__EXERCISE OBJECTIVE__:
Set down the whole listing below exactly. The pictures stay out.

__SUPPLIED INFORMATION__:
▼▼▼

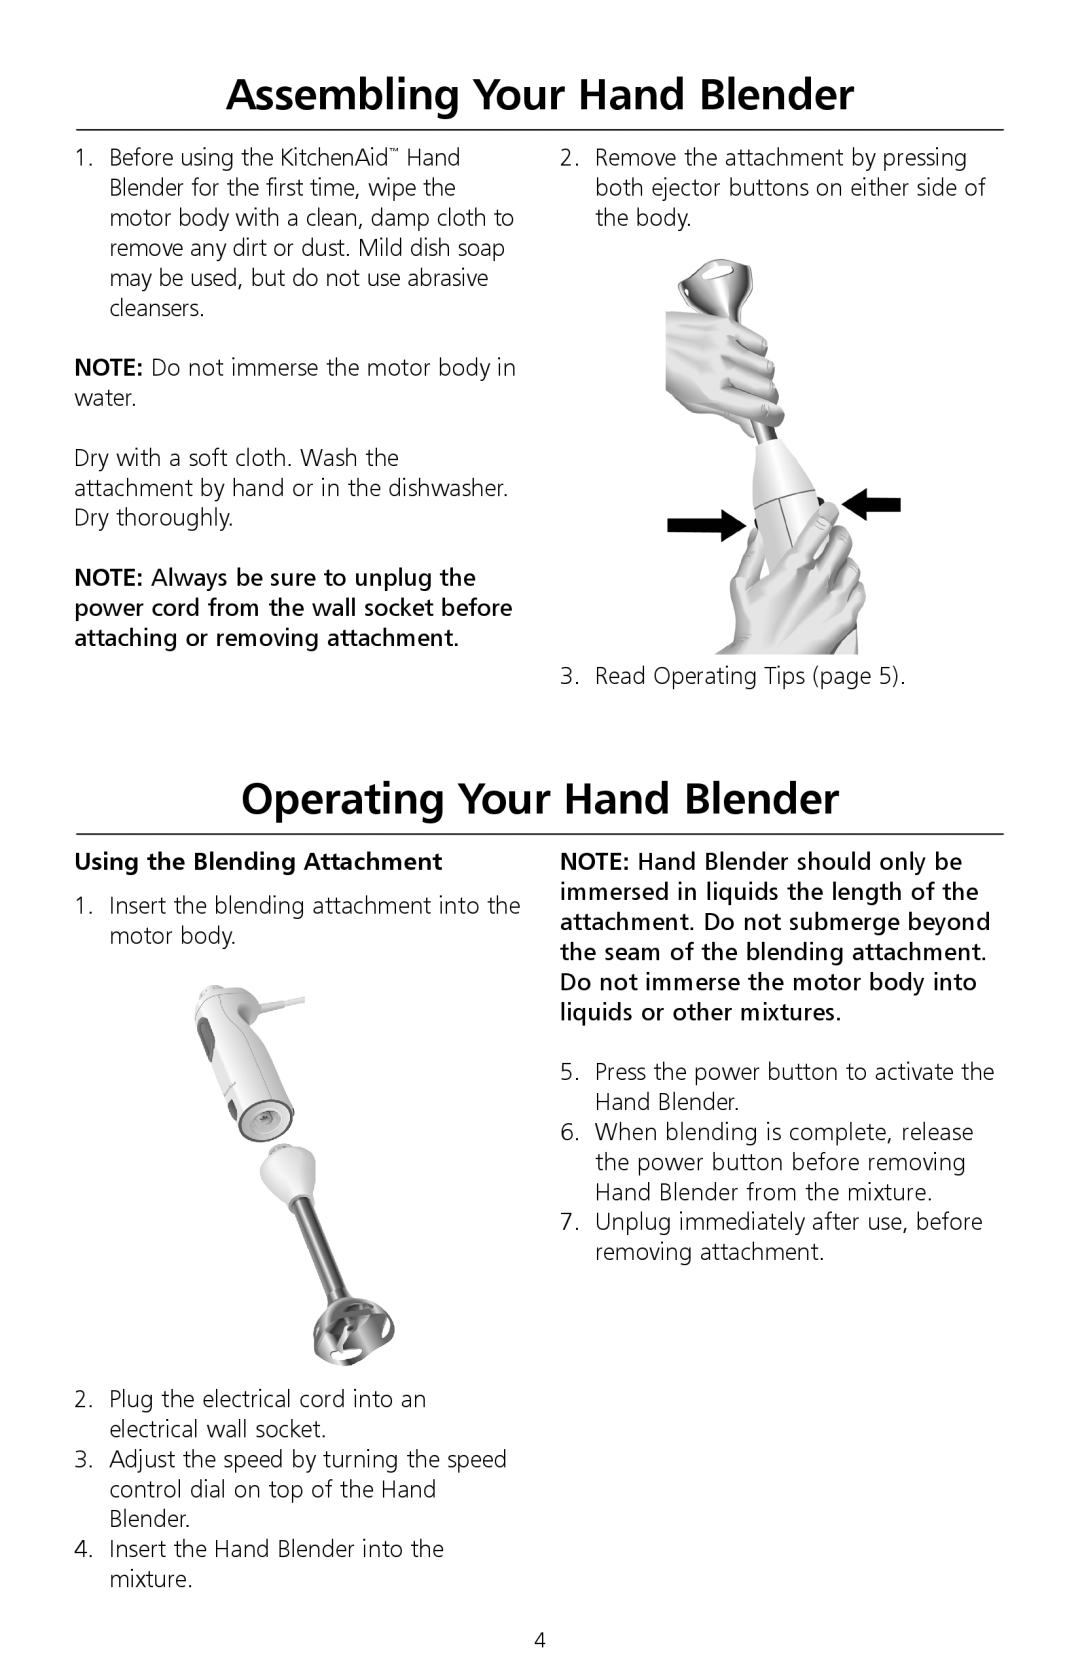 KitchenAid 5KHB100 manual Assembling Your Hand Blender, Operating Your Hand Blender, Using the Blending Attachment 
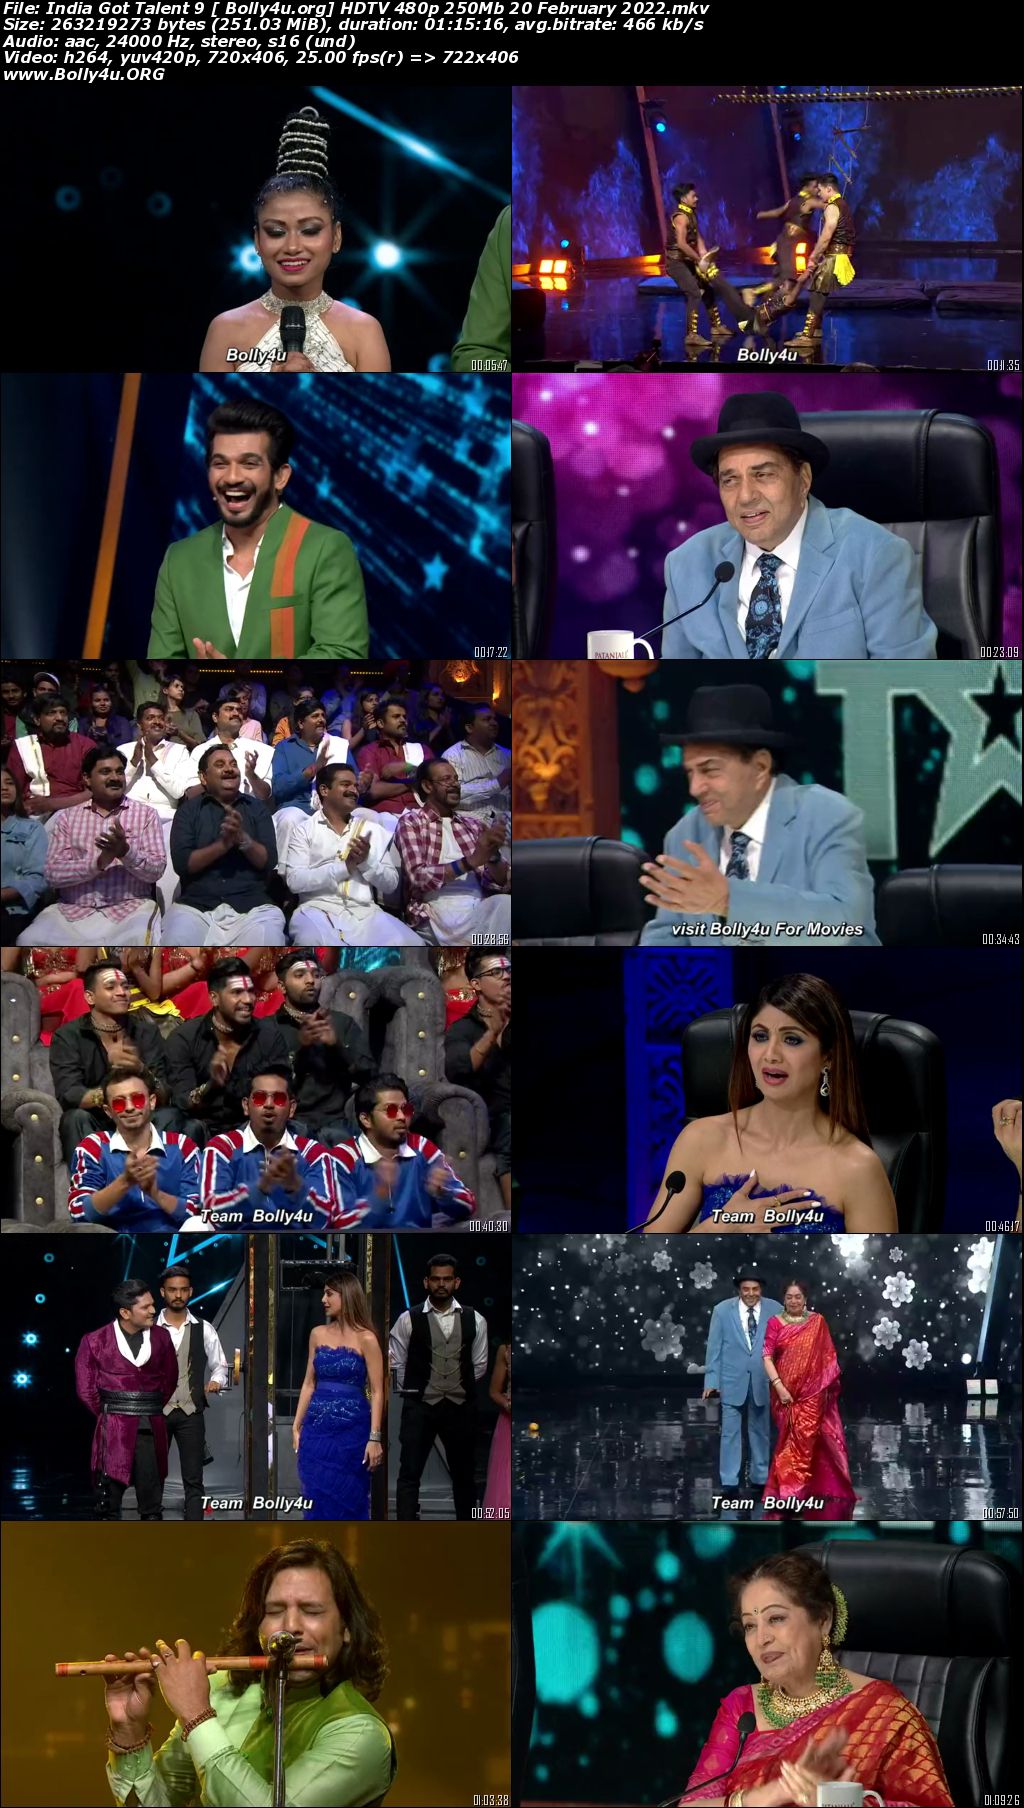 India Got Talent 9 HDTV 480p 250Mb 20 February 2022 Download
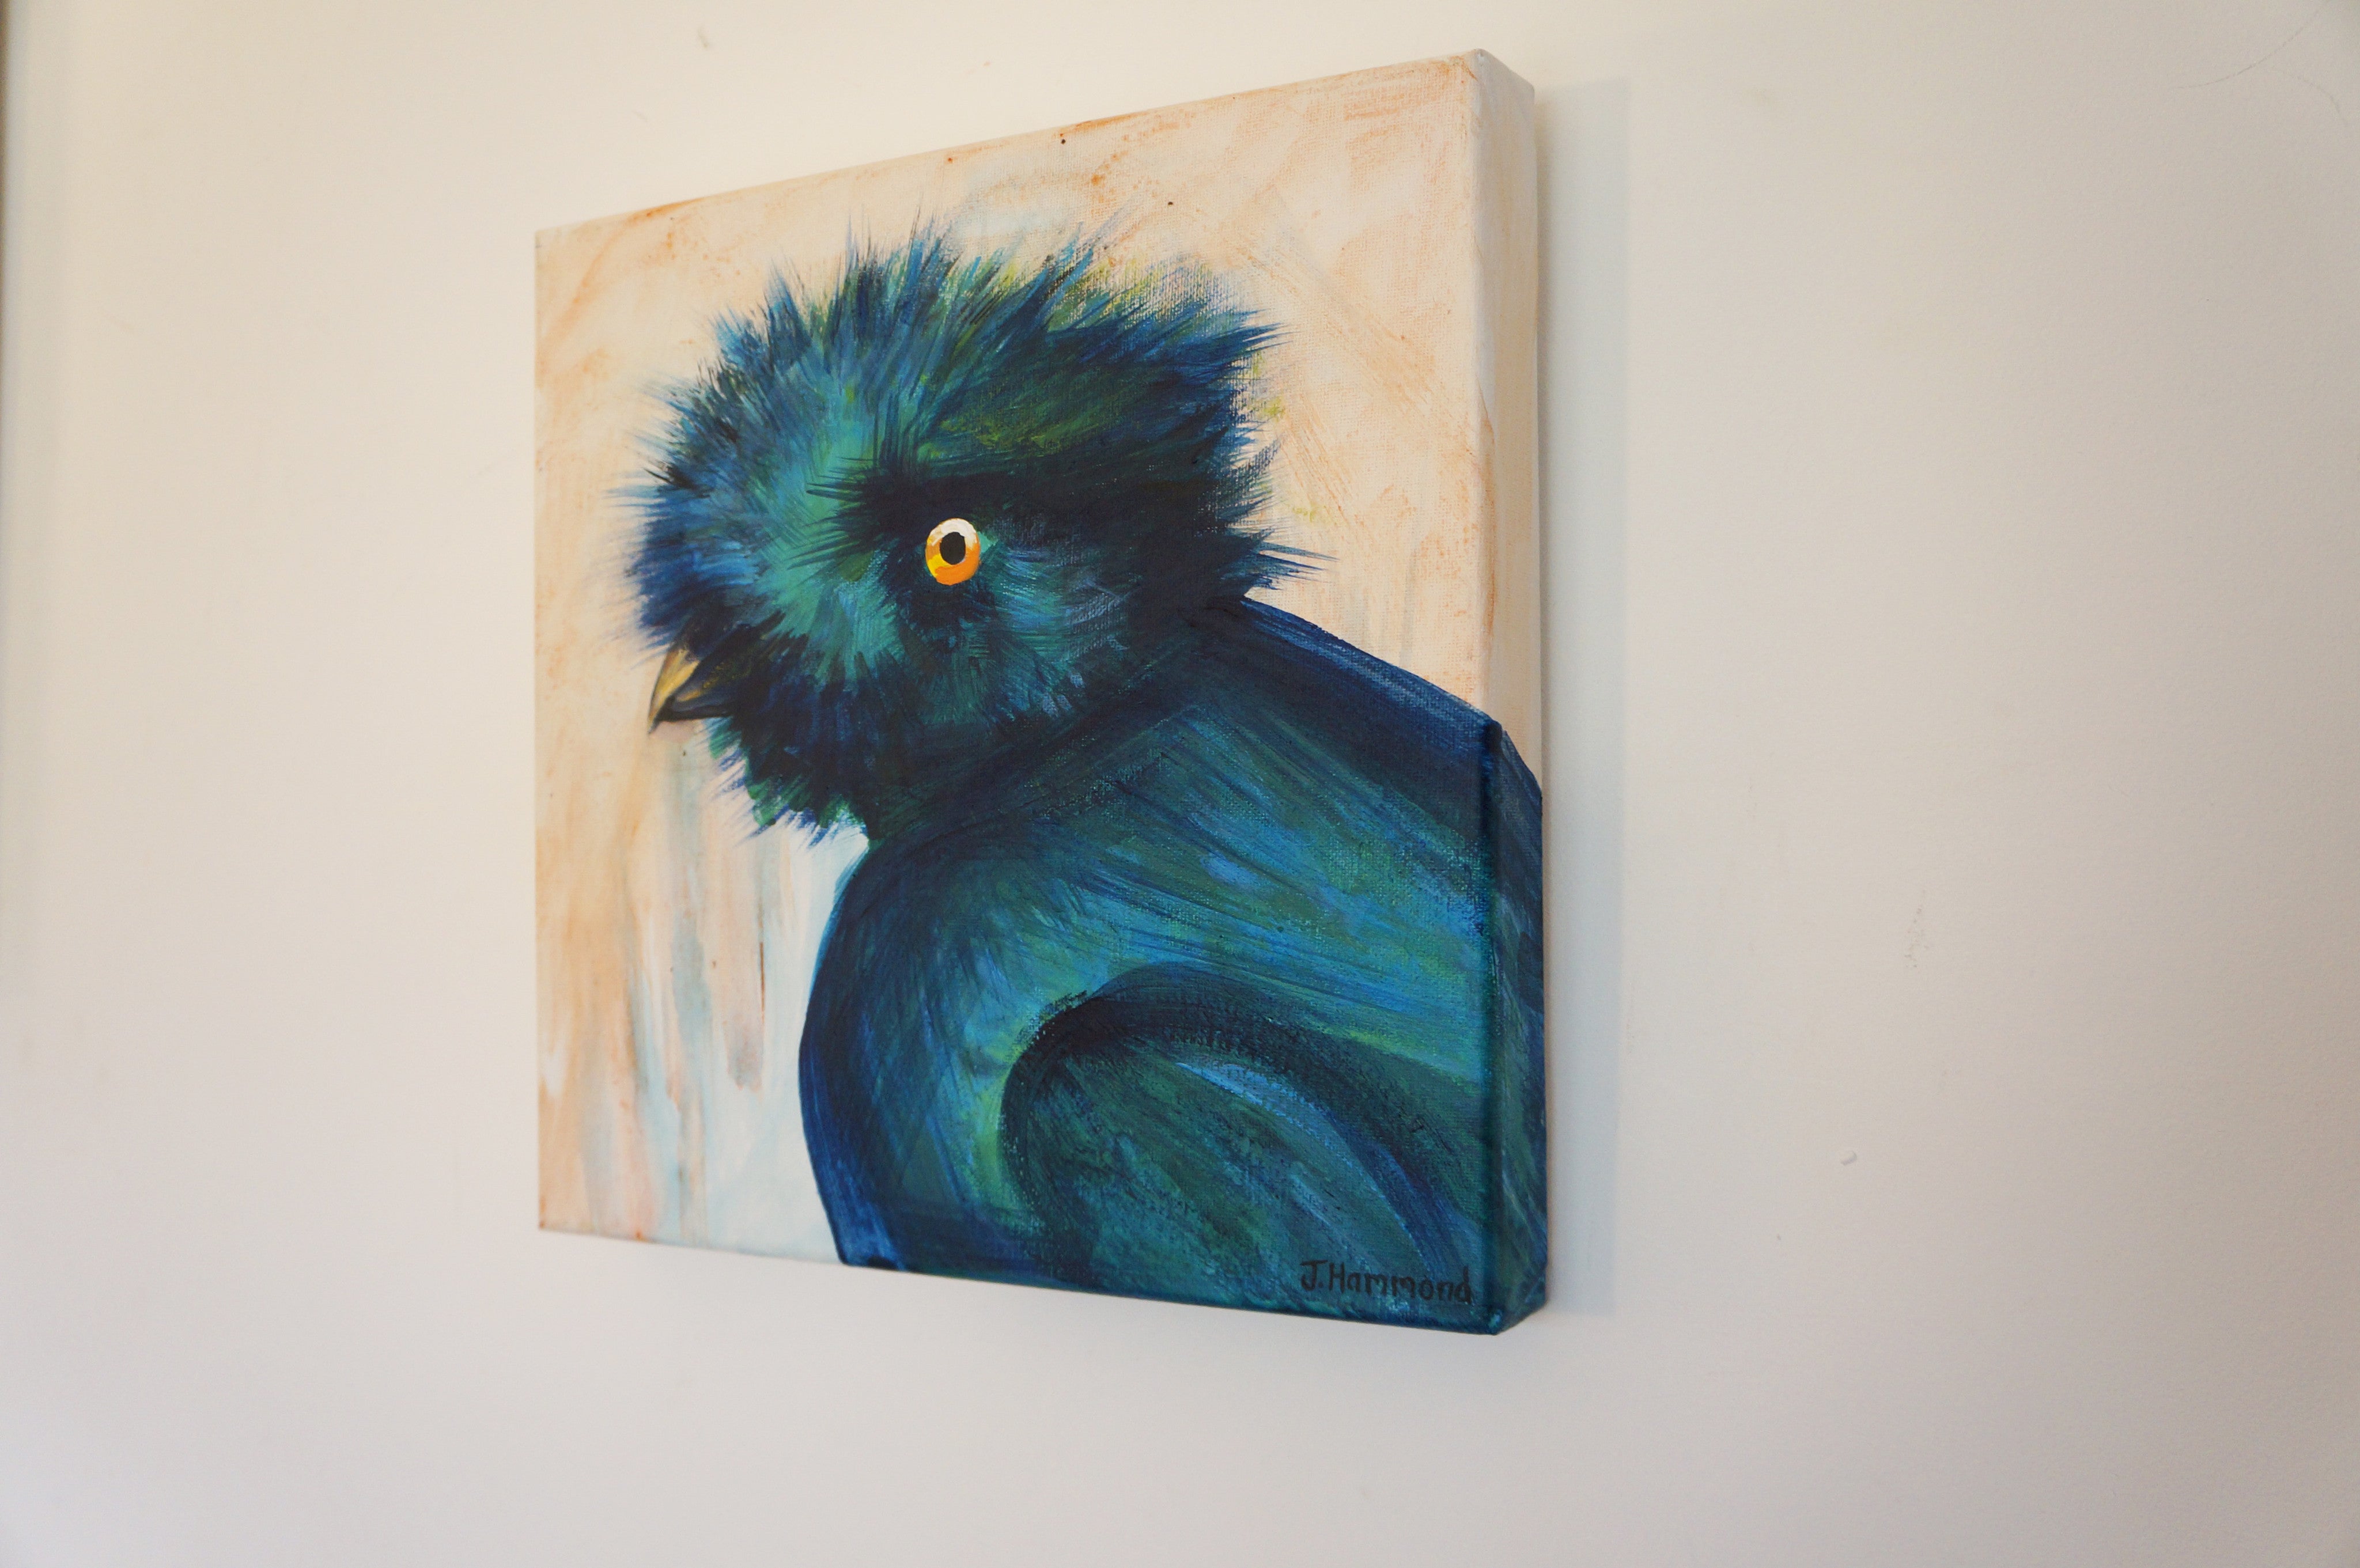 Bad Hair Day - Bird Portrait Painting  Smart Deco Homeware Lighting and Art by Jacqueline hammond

▲▲▲

__RESPONSE__:
 KitchenAid 5KHB100 manual Assembling Your Hand Blender, Operating Your Hand Blender, Using the Blending Attachment 
 India Got Talent 9 HDTV 480p 250Mb 20 February 2022 Download
 Bad Hair Day - Bird Portrait Painting  Smart Deco Homeware Lighting and Art by Jacqueline hammond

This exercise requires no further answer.